A Dependency Gradient (DG) is a continuous change in the concentration of dependency that is present in a data model between one area of the model and another. It is measured by the concentration of links (relationships) between entities in the data model, or by the concentration of edges between nodes in a graph model. One of the main differences between a data model and a graph model is that a data model is specifically designed to model data, while a graph model can model phenomena that we don’t think of right away as data. When stored on a computer, however, both type model data.

It should also be noted that the relationships between entities (or nodes) may also exist outside the model itself and be borne by the processes that use the data. These extra-model relationships are by their nature dynamic. They can potentially have little or no latency.
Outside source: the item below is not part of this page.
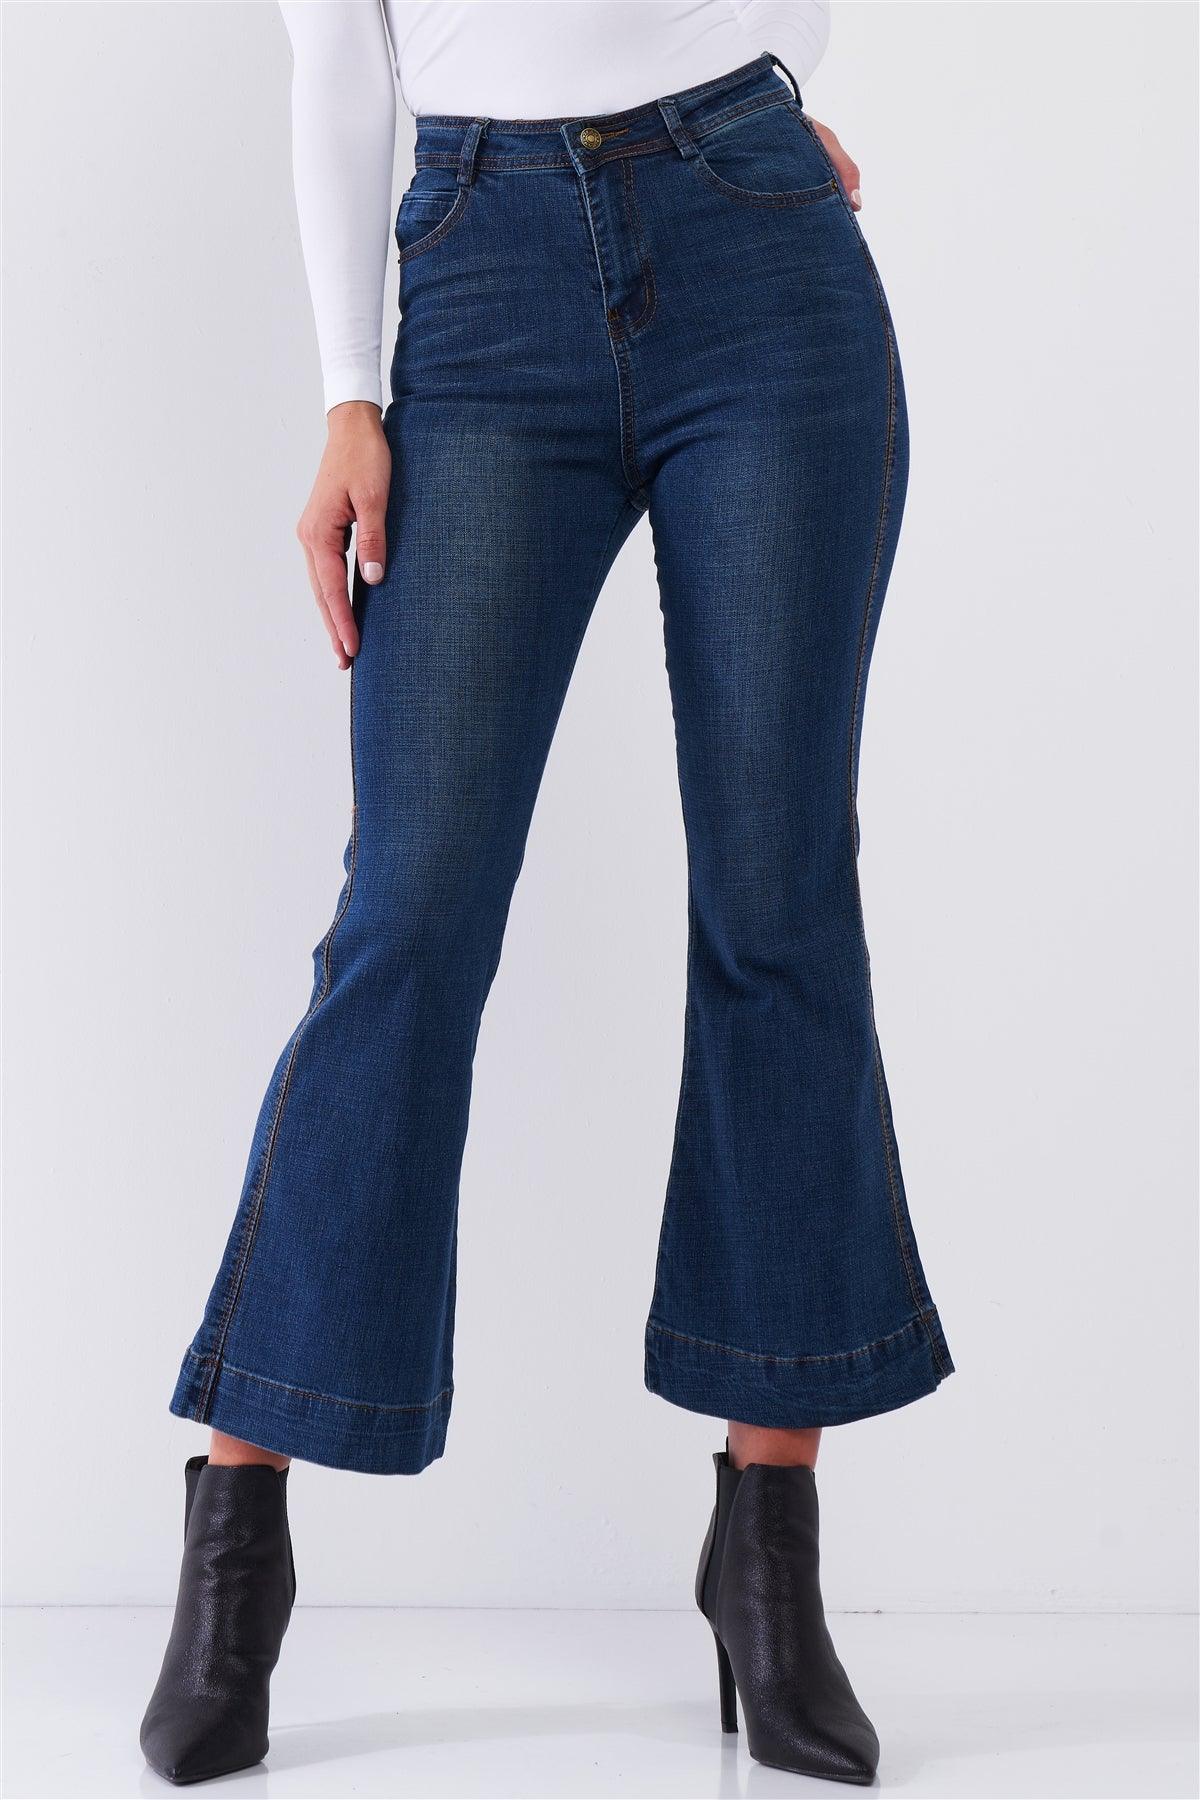 Blue Denim High Waisted Ankle Length Bell Bottom Flare Jeans /2-2-2

They also can have little or no persistence in that once an action takes place, the relationships between its data go away. There can be relationships within a model that are not realized in the metadata of the model, but only become apparent once there is content data created and structured in the shape of the model. These relationships are realized only through the use of the data. They are often ethereal and do not survive past a use session. Nevertheless, these relationships often indicate data dependencies can recur over and over again as the data is used and yet never be captured in the metadata of the design.

My background is in data modeling, so the example that follows will use data modeling techniques to show what a Dependency Gradient is.

Data models are made up of some number of binary links that specifically represent some form of existential or fulfillment relationship that a dependent entity type has on an independent entity type. The terms “dependent” and “independent” refer only to the role that an entity type plays in the relationship, not to some universal property of the entity. An entity type can be dependent in one relationship and independent in another.

Figure 1 shows a set of binary links between a dependent entity (Order_Payment) and the independent entities with which it has fulfillment dependencies, (Customer) and (Payment). This creates two Dependency Gradients: Dependency Gradient 1, flowing from left to right in the diagram, and Dependency Gradient 2, flowing from right to left. DG1 is a direct relationship (one link), it has no intermediate entities. DG2 is an indirect relationship (three links), there are two intermediate entities, Order_Invoice and Order. The concentration of dependency (i.e., the substance of the gradient) is 100% on the dependent ends (which just happen to be the same entity in this example, but need not be) and 0% on the independent ends.

Figure 1.

The more intermediate entities there are between a dependent entity and an independent entity in a model, the greater the Dependency Gradient. In other words, the more distance there is between the leaf node[i] of a dependency path and the apex node[ii] of that path, the greater the DG.

The higher the DG of a model (data or graph) the more difficult it will be to change the model to meet changing circumstances. When you include dynamic dependencies generated from content data flowing into and out of a database such as an RDBMS or a DDBMS the complexities created by Dependency Gradients can increase greatly.

Ideally the Dependency Gradient of a model should be able to be measured by counting the links and dependency paths that make up its dependency tree. This consists of the links in the unique paths between all leaf node dependent entity types, and all apex node independent entity types. The higher the number of links is one measure, the number of dependency paths is a second measure, and the number of times an entity participates in a dependency path is a third measure. Together these measures can give you a good idea of the internal dependency concentration in a model. The amount of dependency in a data model, gradaph model, or document model can determine its fragility and its adaptability to changing circumstances. The higher the Dependency Gradient in any given model the less adaptable it will be and the higher the cost will be to change it to meet changing business needs.